Static and dynamic state differences between EC and EO using BOLD and CBF

Although previous resting-state fMRI studies have compared EC and EO, using either BOLD or ASL separately, the current study combined BOLD and ASL to reveal differences between EC and EO. Further, we validated our multi-contrast state differences with two independent datasets.

In general, our findings of state differences between EC and EO using BOLD-ALFF were consistent with previous observations [23, 24, 35]. Liu and colleagues [23] performed split-half validation of the ALFF difference between EO and EC. They found high reproducibility of the higher ALFF for EC than EO in the PSC, PAC, SMA, as well as high reproducibility of the lower ALFF for EC than EO in the lateral occipital cortex. The current BOLD-ALFF results from two independent datasets demonstrated that those ALFF differences were highly reproducible across research centers, expanding previous reproducibility findings using split-half validation [23].
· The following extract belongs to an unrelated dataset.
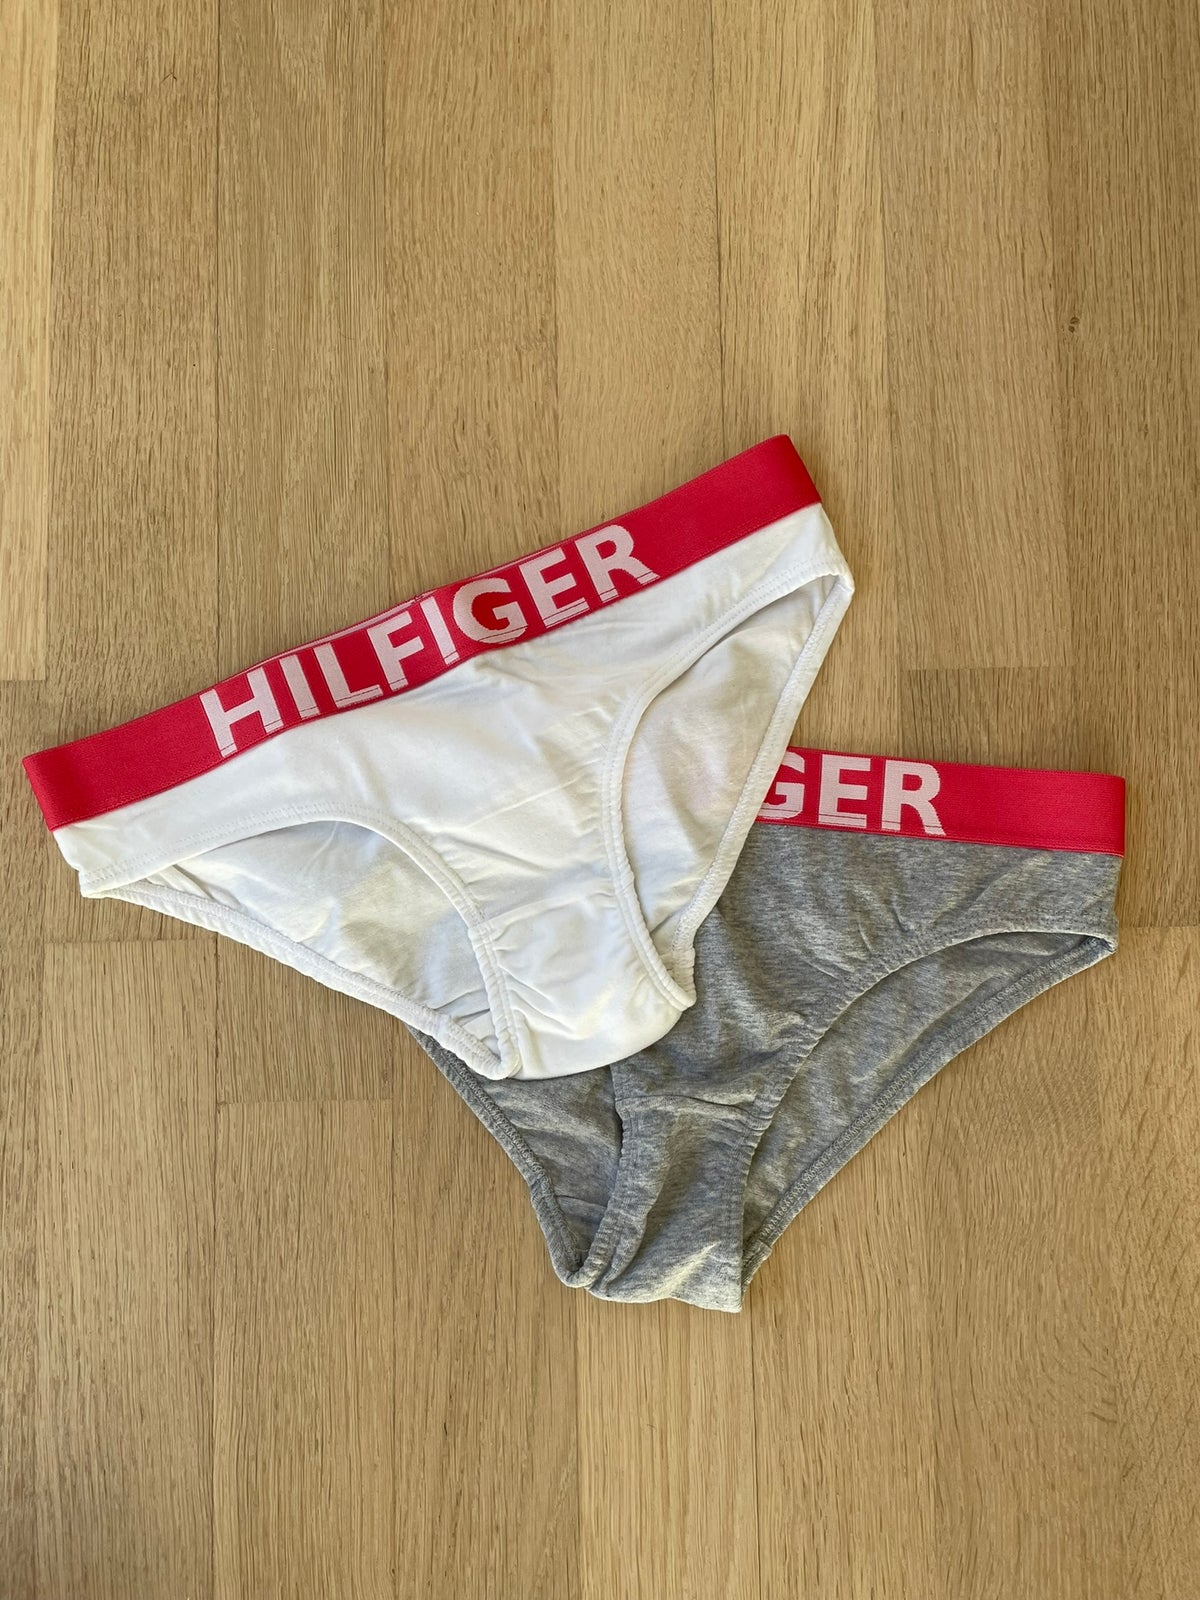 Undertøj, Trusser, Tommy Hilfiger dba.dk - Køb Salg af Nyt og Brugt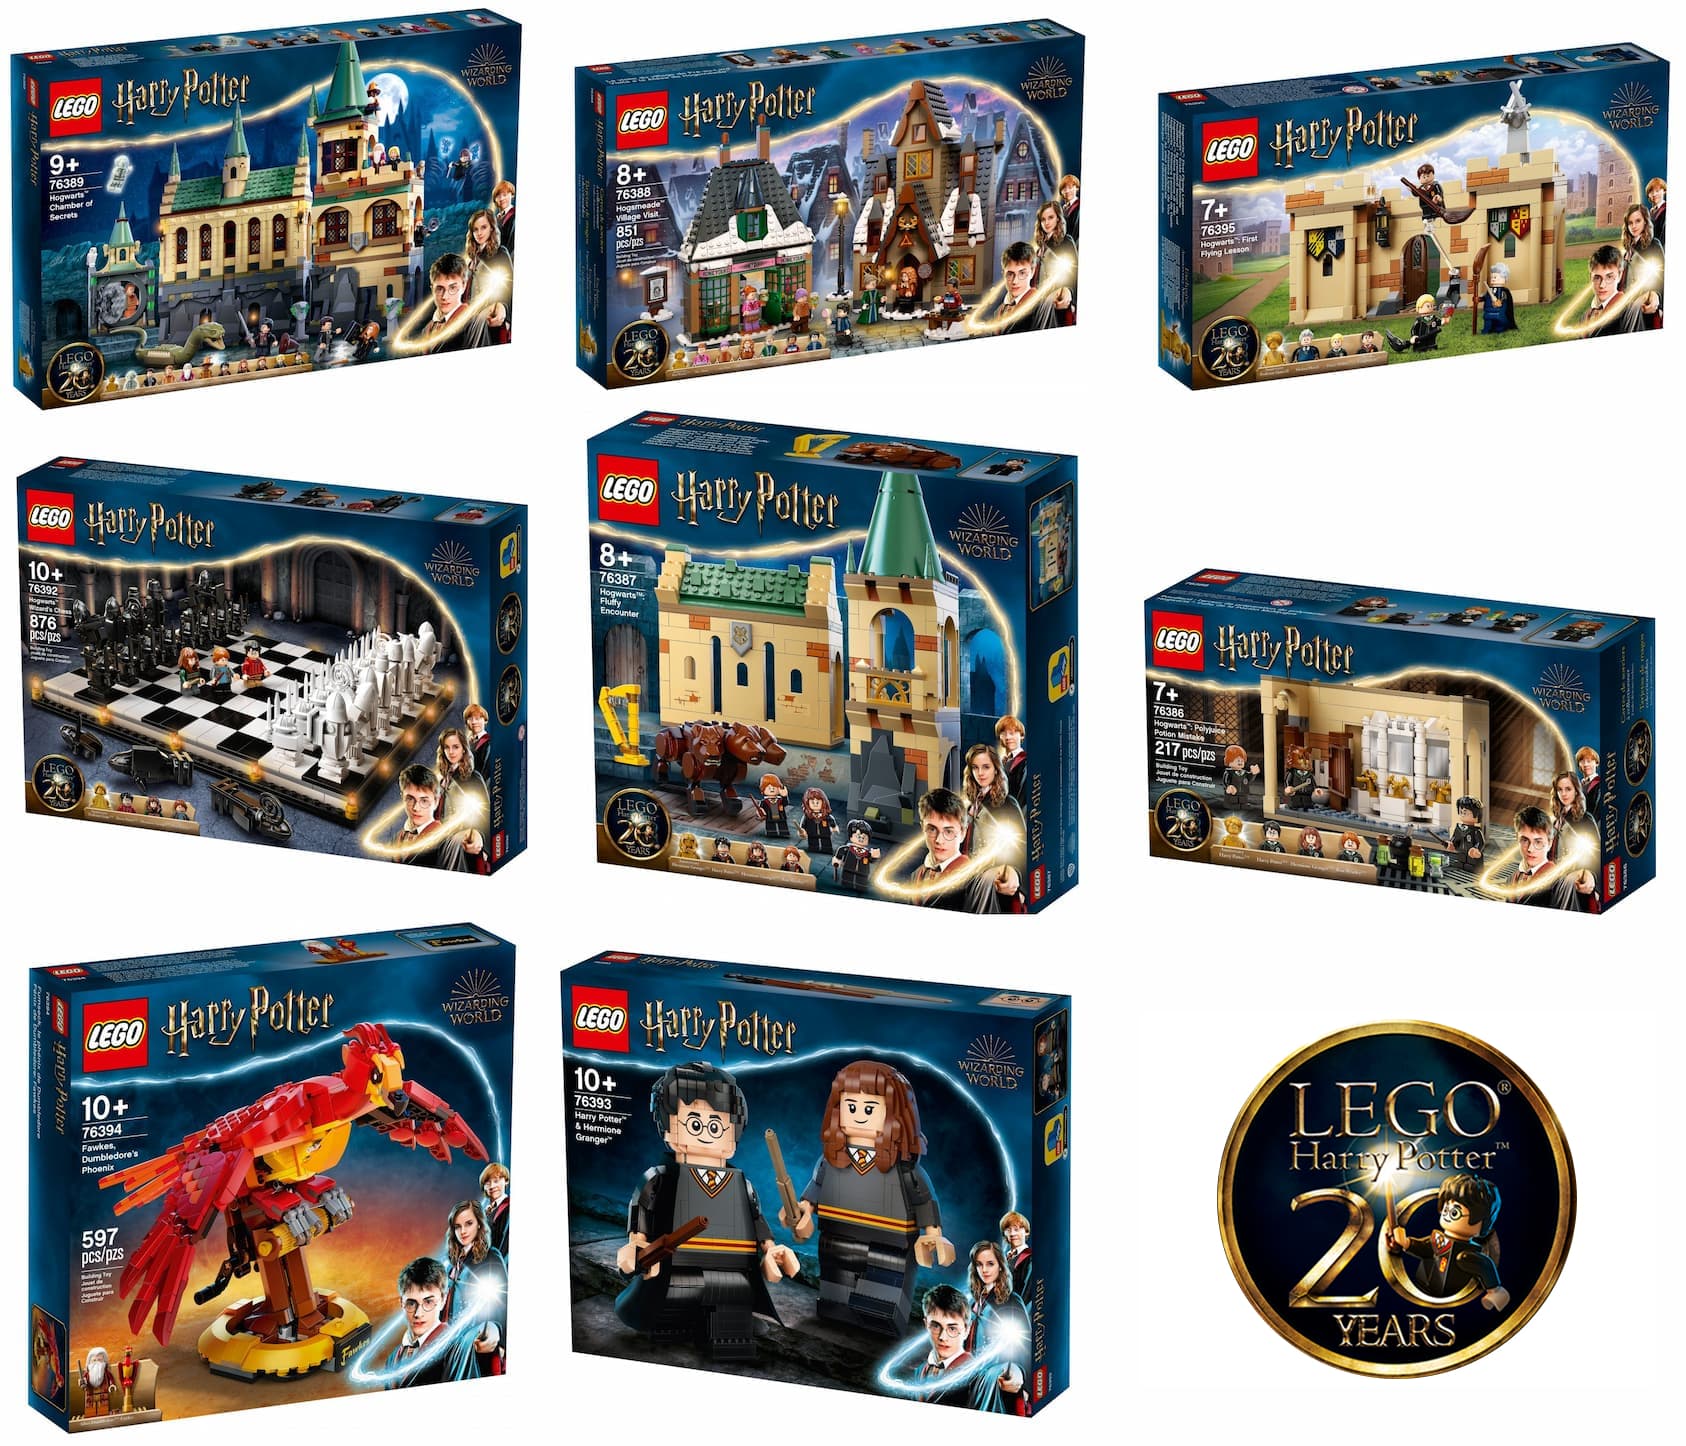 Aberto até de Madrugada: Novos sets LEGO Harry Potter

Higher amplitude of BOLD fluctuations in the visual cortex under EC than EO have been reported [3640], which were inconsistent with our findings. One potential explanation for this inconsistency was whether or not spatial z-score normalization was performed on the strength of BOLD dynamics, as we did here. In fact, we conducted state differences detection between EC and EO based on BOLD-ALFF without z-normalization and replicated their findings in the visual cortex (data not shown). Our processing strategy with z-normalization was supported by the finding that standardizing ALFF could reduce the variance induced by nuisance sources such as head motion and different research centers, and improved test-retest reliability [41]. Nevertheless, further investigation is needed to determine the underlying neurophysiologic mechanism of state differences between EC and EO, and whether or not it is appropriate to perform z-normalization on these data.

Lower CBF in the PVC for EC than EO was consistent with a previous ASL study [25] and PET study [42]. Hermes and colleagues [25] acquired resting CBF data using continuous ASL with EC and EO. They showed significant CBF increases in the primary and secondary visual areas (BA 17, 18) for EO compared with EC, and the findings were reproducible on two measurement occasions that were seven weeks apart. Expanding on the temporal reproducibility of state differences between EC and EO detected by CBF, we additionally showed that CBF could consistently detect state differences across research centers.

ASL has also been used to measure dynamic characteristics of CBF [20, 31, 43], though some pitfalls make the dynamic analysis of ASL less reliable than BOLD. These pitfalls include low signal-to-noise ratio, and relatively low temporal resolution (effective TR around 4s for pulsed ASL and longer for pCASL) due to long effective acquisition time. Here we showed that CBF-ALFF demonstrated lower sensitivity to state differences than BOLD-ALFF, possibly because of the lower SNR of CBF dynamics, and highlight the need for further improvements in ASL imaging techniques. It should be noted that CBF-ALFF analysis in this study was only conducted at one research center (NIDA) and the findings needs to be confirmed in future studies.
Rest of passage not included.